## Data excerpts
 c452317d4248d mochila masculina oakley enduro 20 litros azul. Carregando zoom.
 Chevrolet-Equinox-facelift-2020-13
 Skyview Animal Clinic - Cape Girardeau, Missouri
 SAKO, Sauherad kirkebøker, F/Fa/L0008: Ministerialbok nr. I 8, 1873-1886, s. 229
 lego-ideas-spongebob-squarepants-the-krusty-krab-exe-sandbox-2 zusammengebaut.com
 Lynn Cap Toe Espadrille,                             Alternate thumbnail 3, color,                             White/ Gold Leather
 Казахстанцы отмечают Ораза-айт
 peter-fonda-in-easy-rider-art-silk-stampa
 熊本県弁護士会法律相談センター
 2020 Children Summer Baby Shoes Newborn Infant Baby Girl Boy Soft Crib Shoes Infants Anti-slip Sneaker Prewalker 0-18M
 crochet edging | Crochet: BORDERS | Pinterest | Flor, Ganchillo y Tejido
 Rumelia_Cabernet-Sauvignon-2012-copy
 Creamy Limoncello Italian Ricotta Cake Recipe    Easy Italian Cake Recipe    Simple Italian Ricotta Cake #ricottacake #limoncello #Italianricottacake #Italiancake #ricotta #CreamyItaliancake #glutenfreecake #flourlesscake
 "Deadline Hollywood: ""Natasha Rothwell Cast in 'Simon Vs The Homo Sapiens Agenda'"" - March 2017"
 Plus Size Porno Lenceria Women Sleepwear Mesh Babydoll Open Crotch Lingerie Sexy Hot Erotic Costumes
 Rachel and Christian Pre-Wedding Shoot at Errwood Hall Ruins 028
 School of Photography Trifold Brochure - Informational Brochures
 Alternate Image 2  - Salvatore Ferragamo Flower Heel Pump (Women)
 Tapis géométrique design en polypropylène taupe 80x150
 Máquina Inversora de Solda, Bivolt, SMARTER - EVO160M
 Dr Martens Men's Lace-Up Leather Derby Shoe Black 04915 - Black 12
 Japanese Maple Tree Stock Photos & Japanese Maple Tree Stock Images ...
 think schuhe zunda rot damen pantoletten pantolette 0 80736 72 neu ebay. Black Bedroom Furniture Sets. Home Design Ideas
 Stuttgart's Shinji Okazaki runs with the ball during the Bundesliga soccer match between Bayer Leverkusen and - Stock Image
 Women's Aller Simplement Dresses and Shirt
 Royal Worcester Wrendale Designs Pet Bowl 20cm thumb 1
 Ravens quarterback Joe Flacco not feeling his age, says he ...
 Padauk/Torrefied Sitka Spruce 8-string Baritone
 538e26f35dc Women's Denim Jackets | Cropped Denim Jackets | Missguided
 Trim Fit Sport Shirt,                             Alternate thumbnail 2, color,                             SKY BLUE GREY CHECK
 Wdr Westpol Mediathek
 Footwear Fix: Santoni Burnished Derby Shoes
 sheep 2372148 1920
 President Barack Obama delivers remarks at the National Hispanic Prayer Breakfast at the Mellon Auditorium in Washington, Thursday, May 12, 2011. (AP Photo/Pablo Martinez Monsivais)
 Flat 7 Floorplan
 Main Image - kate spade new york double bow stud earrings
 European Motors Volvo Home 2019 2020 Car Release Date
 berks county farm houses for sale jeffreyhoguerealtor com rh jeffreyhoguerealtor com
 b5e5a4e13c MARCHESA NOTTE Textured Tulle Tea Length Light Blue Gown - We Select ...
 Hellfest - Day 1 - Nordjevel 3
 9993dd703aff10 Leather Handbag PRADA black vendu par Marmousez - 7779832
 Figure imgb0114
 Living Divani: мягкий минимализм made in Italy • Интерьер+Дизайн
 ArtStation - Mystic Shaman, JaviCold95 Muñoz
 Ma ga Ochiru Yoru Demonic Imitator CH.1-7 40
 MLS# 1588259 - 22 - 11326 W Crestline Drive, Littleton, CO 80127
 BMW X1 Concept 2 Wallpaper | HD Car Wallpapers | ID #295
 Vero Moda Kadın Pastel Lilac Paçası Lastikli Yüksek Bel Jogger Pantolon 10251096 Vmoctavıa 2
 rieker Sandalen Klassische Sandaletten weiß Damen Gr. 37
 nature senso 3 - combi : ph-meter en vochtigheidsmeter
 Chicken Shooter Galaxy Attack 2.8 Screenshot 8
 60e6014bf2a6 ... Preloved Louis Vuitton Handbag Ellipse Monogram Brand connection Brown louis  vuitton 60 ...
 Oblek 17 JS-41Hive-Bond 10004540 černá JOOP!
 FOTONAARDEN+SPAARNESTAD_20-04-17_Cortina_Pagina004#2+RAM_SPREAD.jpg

## YOUR GOAL
Print nothing but the lines from the one that contains "Stuttgart's Shinji Okazaki" to the final line of the data, both included, exactly as they read.

## ANSWER FOR THIS EXERCISE
 Stuttgart's Shinji Okazaki runs with the ball during the Bundesliga soccer match between Bayer Leverkusen and - Stock Image
 Women's Aller Simplement Dresses and Shirt
 Royal Worcester Wrendale Designs Pet Bowl 20cm thumb 1
 Ravens quarterback Joe Flacco not feeling his age, says he ...
 Padauk/Torrefied Sitka Spruce 8-string Baritone
 538e26f35dc Women's Denim Jackets | Cropped Denim Jackets | Missguided
 Trim Fit Sport Shirt,                             Alternate thumbnail 2, color,                             SKY BLUE GREY CHECK
 Wdr Westpol Mediathek
 Footwear Fix: Santoni Burnished Derby Shoes
 sheep 2372148 1920
 President Barack Obama delivers remarks at the National Hispanic Prayer Breakfast at the Mellon Auditorium in Washington, Thursday, May 12, 2011. (AP Photo/Pablo Martinez Monsivais)
 Flat 7 Floorplan
 Main Image - kate spade new york double bow stud earrings
 European Motors Volvo Home 2019 2020 Car Release Date
 berks county farm houses for sale jeffreyhoguerealtor com rh jeffreyhoguerealtor com
 b5e5a4e13c MARCHESA NOTTE Textured Tulle Tea Length Light Blue Gown - We Select ...
 Hellfest - Day 1 - Nordjevel 3
 9993dd703aff10 Leather Handbag PRADA black vendu par Marmousez - 7779832
 Figure imgb0114
 Living Divani: мягкий минимализм made in Italy • Интерьер+Дизайн
 ArtStation - Mystic Shaman, JaviCold95 Muñoz
 Ma ga Ochiru Yoru Demonic Imitator CH.1-7 40
 MLS# 1588259 - 22 - 11326 W Crestline Drive, Littleton, CO 80127
 BMW X1 Concept 2 Wallpaper | HD Car Wallpapers | ID #295
 Vero Moda Kadın Pastel Lilac Paçası Lastikli Yüksek Bel Jogger Pantolon 10251096 Vmoctavıa 2
 rieker Sandalen Klassische Sandaletten weiß Damen Gr. 37
 nature senso 3 - combi : ph-meter en vochtigheidsmeter
 Chicken Shooter Galaxy Attack 2.8 Screenshot 8
 60e6014bf2a6 ... Preloved Louis Vuitton Handbag Ellipse Monogram Brand connection Brown louis  vuitton 60 ...
 Oblek 17 JS-41Hive-Bond 10004540 černá JOOP!
 FOTONAARDEN+SPAARNESTAD_20-04-17_Cortina_Pagina004#2+RAM_SPREAD.jpg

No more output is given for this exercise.